The default web pages support password verification for visitors/guests logging in to make an online purchase. The following settings need to be in the site config file for this to occur (only edit the portion between the double-quotes that follows value=):

 

Site Admin Panel > Guest Related Settings > VerifyField > value = passwords

Site Admin Panel > Guest Related Settings > VerifyPrompt >value = Passwords:

Site Admin Panel > Guest Related Settings > 1PWEmail > value = 1

 

In addition, you must set (or can modify) the <RegEx> tag in the dynamicControls.xml file, which is the regular expression for validating the user-supplied password. See the Salesware E-Commerce Reference for more information.

Setting the value for VerifyField to passwords forces visitors/guests to enter their password before proceeding with a web purchase. This happens when performing a guest lookup using the Guest Lookup link, when attaching an existing guest to an item in the shopping cart and when changing the web purchaser on the Checkout.aspx page.

A guest’s web password is encrypted and saved in the passwords field of the guest record. It is not viewable in plain text anywhere. Guest passwords are changed and removed on the Web tab of the guest edit form in SysManager.

When a visitor/guest without a password or a guest who has forgotten his password gets to the GuestSelected.aspx page where he is prompted to enter his password, he can click on the link I forgot my password/I don't have a password. He then, is redirected to the ResetPswd.aspx page where he is instructed to click the Reset my password button. What happens next depends on what value you have for the key 1PWEmail. Setting this value to 1 uses the single e-mail method for getting a new password to the guest, while setting the value to 0 maintains the original two e-mail approach.

If you elect to use the single e-mail approach, you can adjust the wording on the ResetPswd.aspx page to let the guest know that after clicking the Reset my password button he receives an e-mail (using the PasswordReset2.txt template) with his new randomly generated password. He can either click on a link in the ResetPswd.aspx page to log-in with the new password or click on the link in the e-mail to log-in with the new password. At this point he can edit his guest record to change his password to something he can more easily remember (provided you have included password as one of the values for the GuestEditRows key).
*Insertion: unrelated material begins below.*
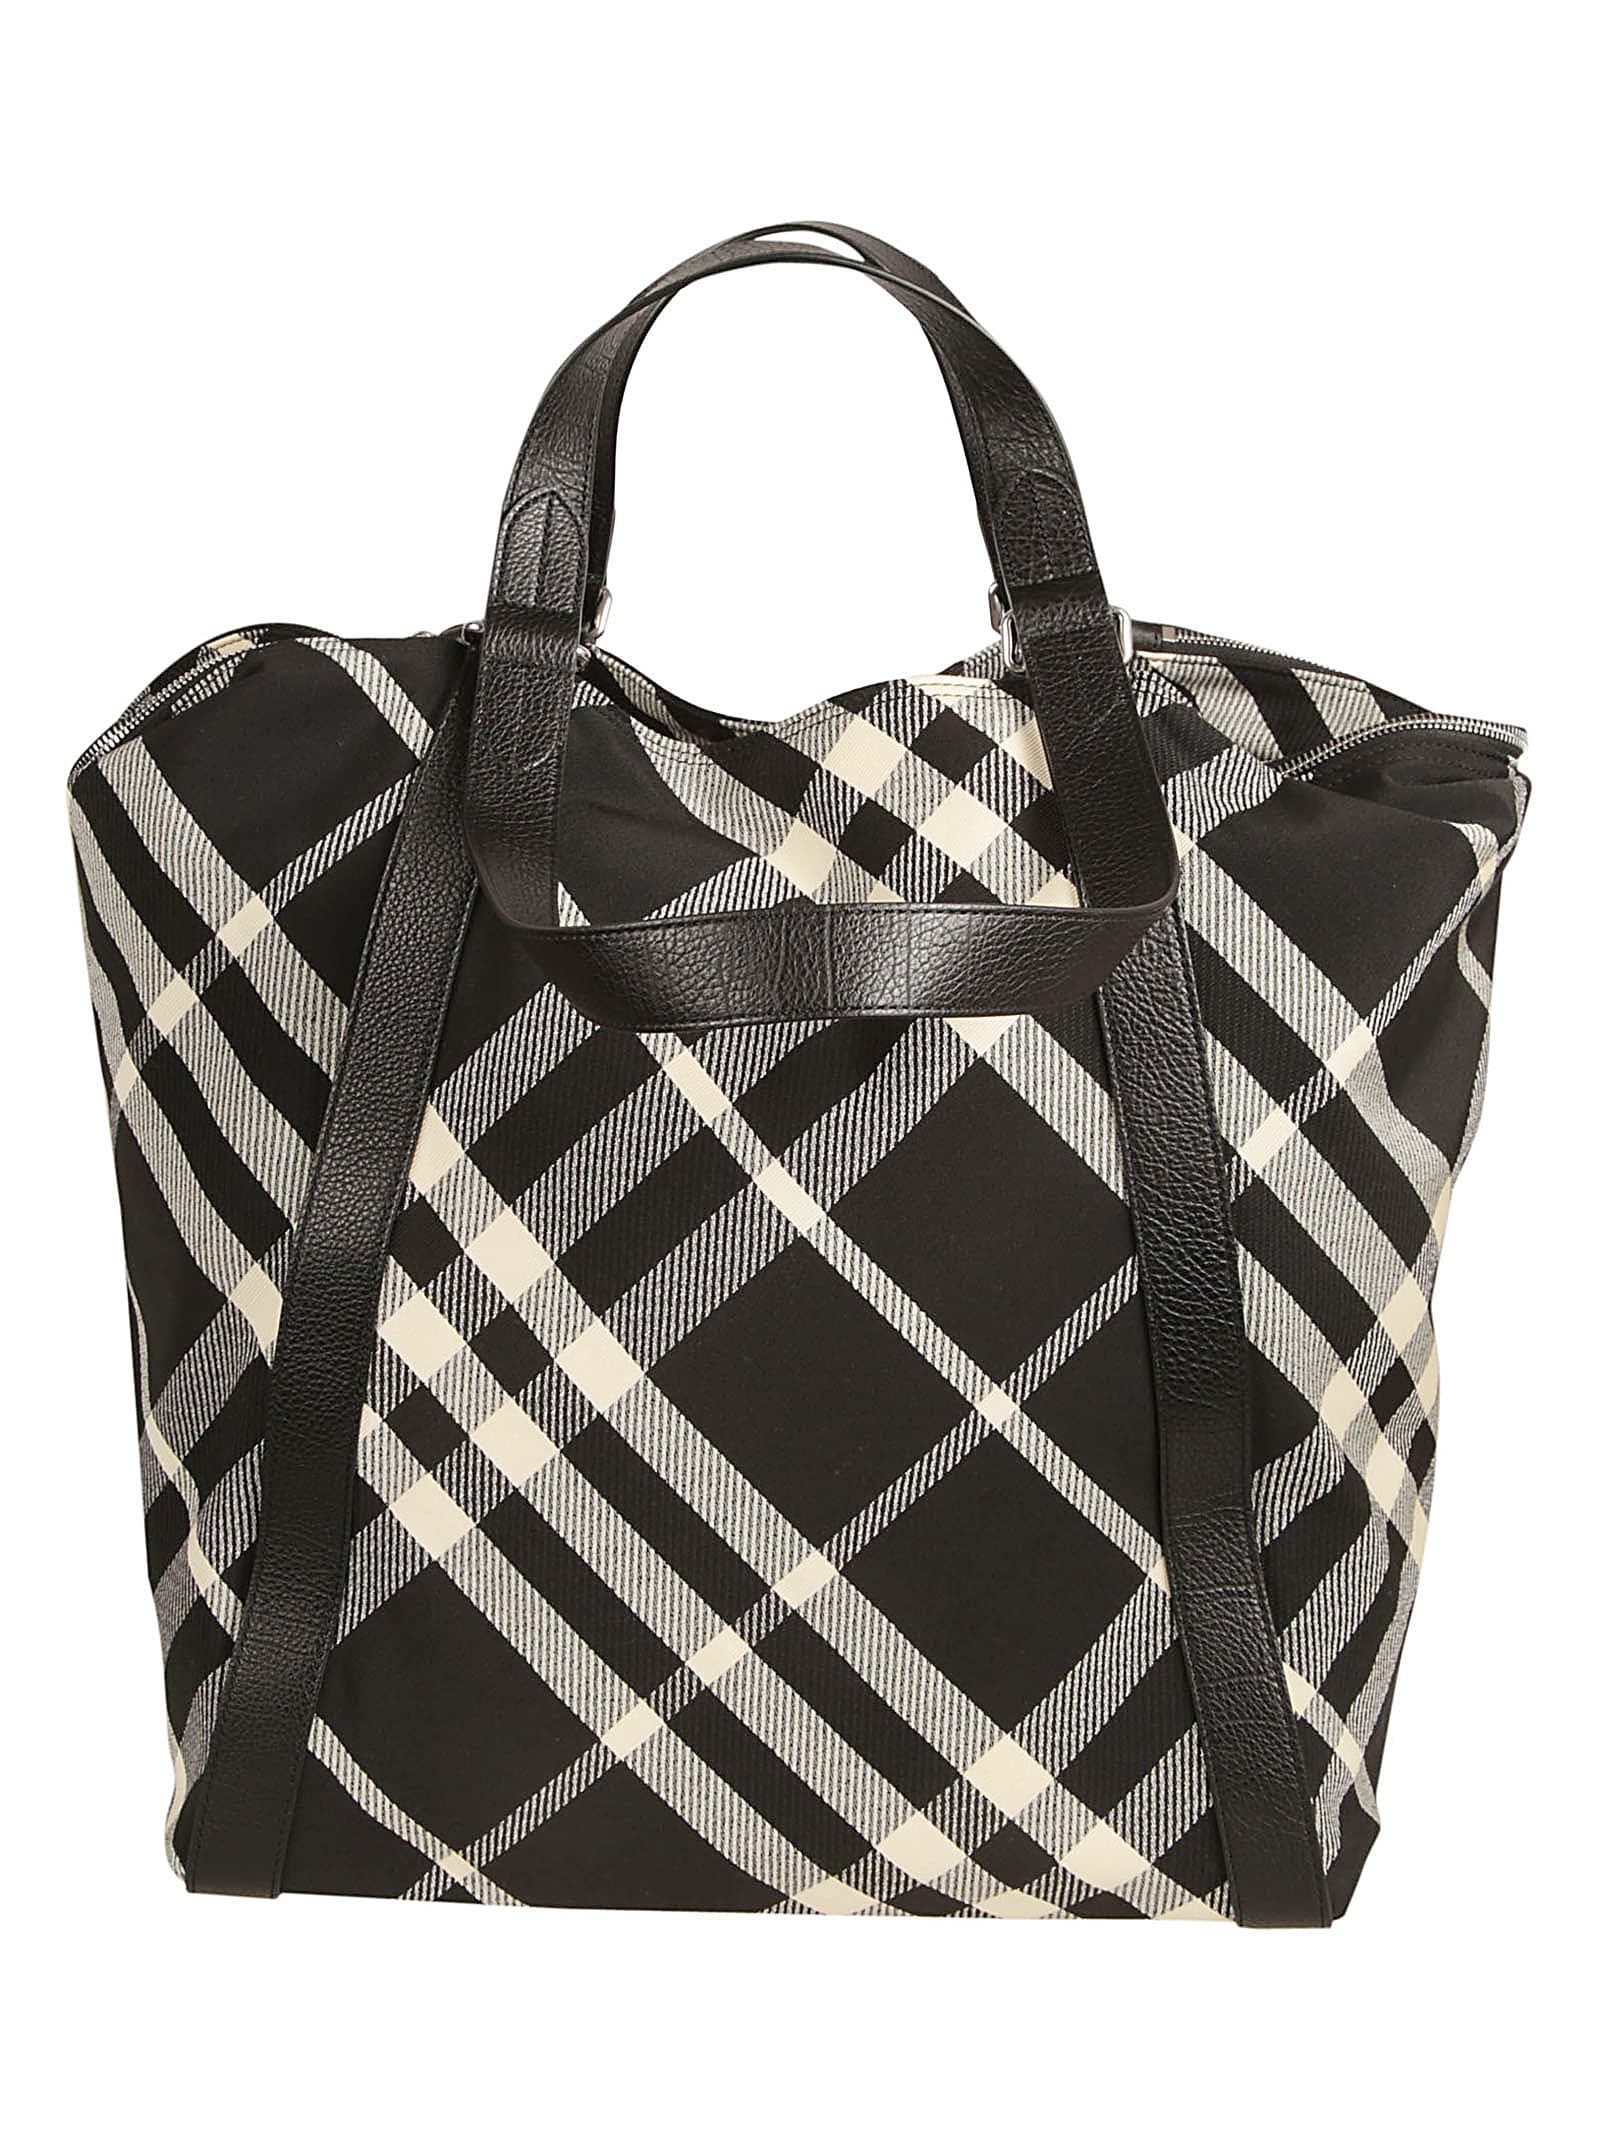 Shop Burberry Check Patterned Tote In Black/calico

If using the two e-mail approach to password resetting, again you can adjust the wording on the ResetPswd.aspx page as appropriate. When clicking the Reset my password button, the guest is sent an initial e-mail (using the PasswordReset1.txt template) letting him know that a request has been made to reset his password. The e-mail contains a link allowing the guest to reset his password by clicking this link. When the link in the e-mail is clicked the password is reset and the guest sees the ResetPswd.aspx page opened in a new browser window. The page notifies the guest that his password has been reset and that he receives a second e-mail (using the PasswordReset2.txt template) shortly with the new password. Once he has his new password, he can either click the link in the ResetPswd.aspx page to log-in, or he can click the link in the second e-mail to log-in. Once the visitors/guest has logged in with his new password, he can edit his guest record and change his password to something he can more easily remember (provided you have included password as one of the values for the GuestEditRows key).

With either method of password resetting, if a visitor/guest does not have a valid e-mail address in his guest record, he'll either have to call your place of business to update his guest record or you'll have to use a different log-in method until you feel that a sufficient number of your visitors/guests have up-to-date guest records.

See the section Setting up E-Commerce e-mail for instructions on editing the text in the two password resetting templates (PasswordReset1.txt and PasswordReset2.txt) and using HTML formatted templates.

The value used for the <RegEx> tag in the dynamicControls.xml file is a regular expression that is used to validate the password. The default regular expression can be replaced with another regular expression if you so choose. If you decide to replace the default regular expression, it is advised that you perform thorough testing of the expression before going live with it on your web site.